Dust Knowledge Hub

Welding fume does not stay afloat for long. Fine metal-oxide particles rise in the thermal plume, collide, and agglomerate into heavier clusters that drop onto benches, tools, and floors. This surface contamination matters: it re-aerosolises with footfall and air movement, undermining controls and housekeeping.

Why deposits build quickly

  • Thermal buoyancy then cooling: hot fume rises, cools above head height, slows, and falls into eddies around fixtures.
  • Agglomeration: particles collide and stick, increasing effective size and settling speed.
  • Humidity and oil films: residues adhere to slightly damp or oily surfaces, especially near cutting fluids.
  • Airflow shortcuts: cross-draughts push fume out of capture zones and into “dead spots” where it drops.

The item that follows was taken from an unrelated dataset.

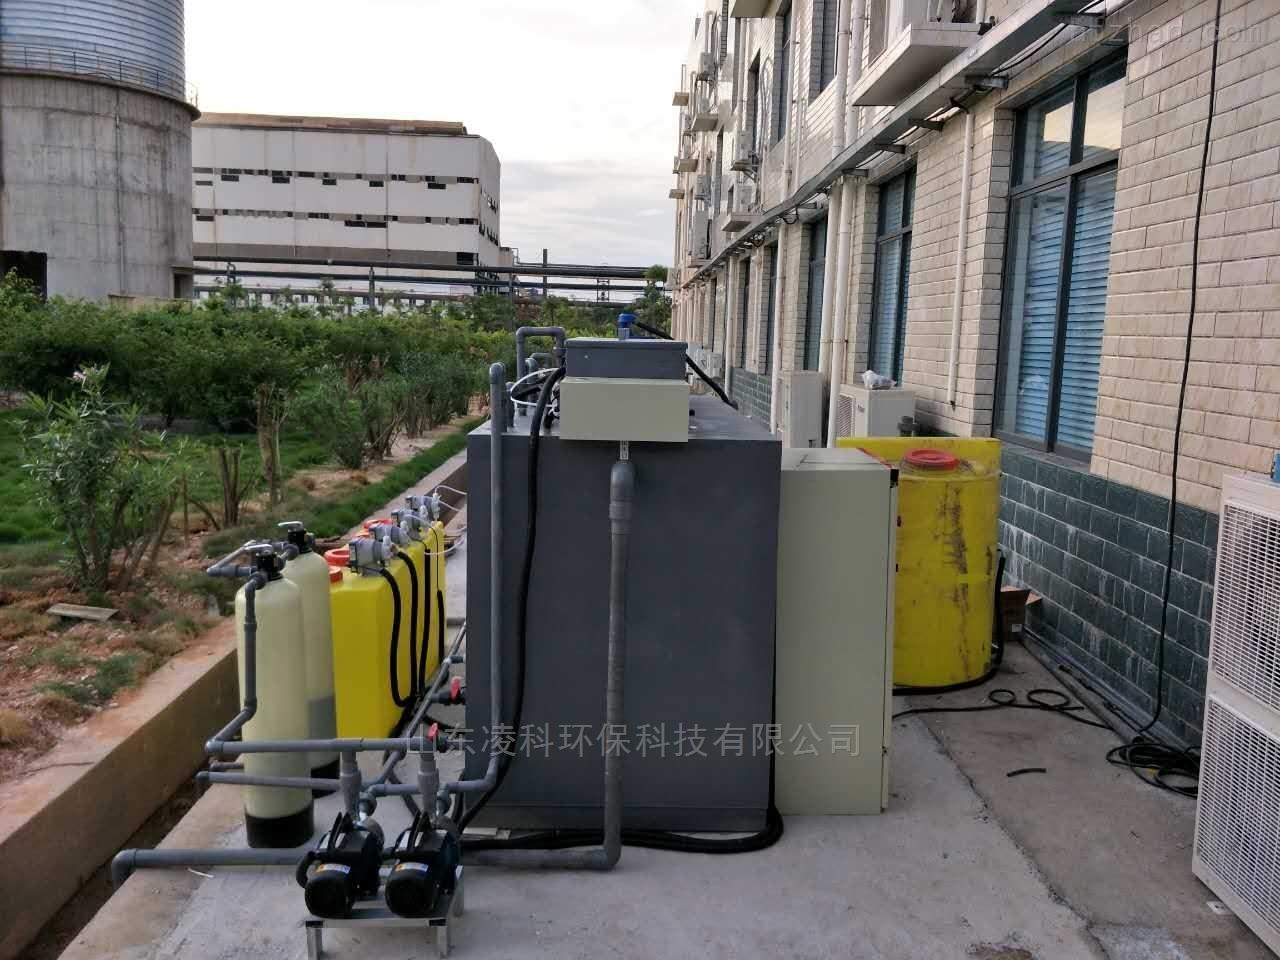 至通小型实验室污水处理设备承诺守信
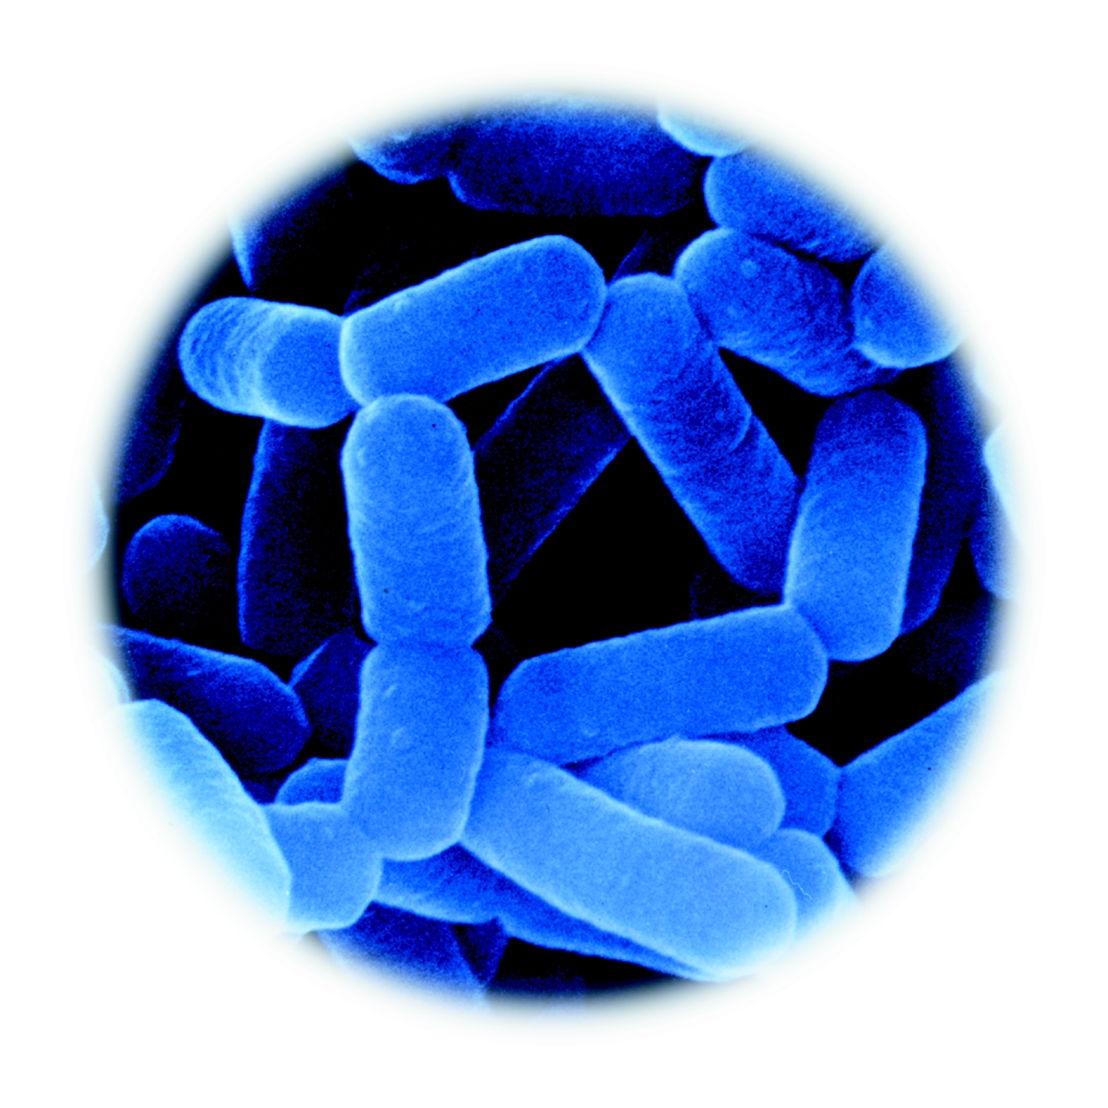 Bactérie LcS

Practical controls that work

  • Capture at source: keep torch-mounted or hood LEV within the recommended distance and angle to the arc. Avoid high cross-draughts that break the capture zone.
  • Direct the room airflow: use air scrubbers or negative air machines to pull from the weld zone towards filtration, not across the operator. Prioritise airflow under load, not free-air figures.
  • Position intakes high for rising plume, with returns arranged to prevent recirculating pockets over benches.
  • Housekeeping without re-aerosolising: vacuum, never sweep or blow. Pair an industrial unit and high-efficiency filtration; many shops use Supra vacuums for routine fume residue removal.
  • Filter strategy: for fine or carcinogenic particulates, use HEPA to H14 in air scrubbers and industrial vacuums as required.
  • Routine wipe-down: where safe, damp-wipe high-touch surfaces after vacuuming to lock in fines.
  • Verify: spot-check with a particulate monitor during and after work to see where deposits reform.

Applying the three-layer approach

  • Capture at source: torch extraction or well-placed hoods.
  • Capture in the air: air scrubbers or LEV with adequate m³/h and maintained filters.
  • Capture on surfaces: H-class industrial vacuuming and scheduled cleaning.

Under COSHH, HSE expects effective LEV and suitable housekeeping for welding fume. Treat surface dust as a respiratory risk: control creation, control dispersion, then remove safely. The pay-off is cleaner air, fewer rework interruptions, and more reliable compliance.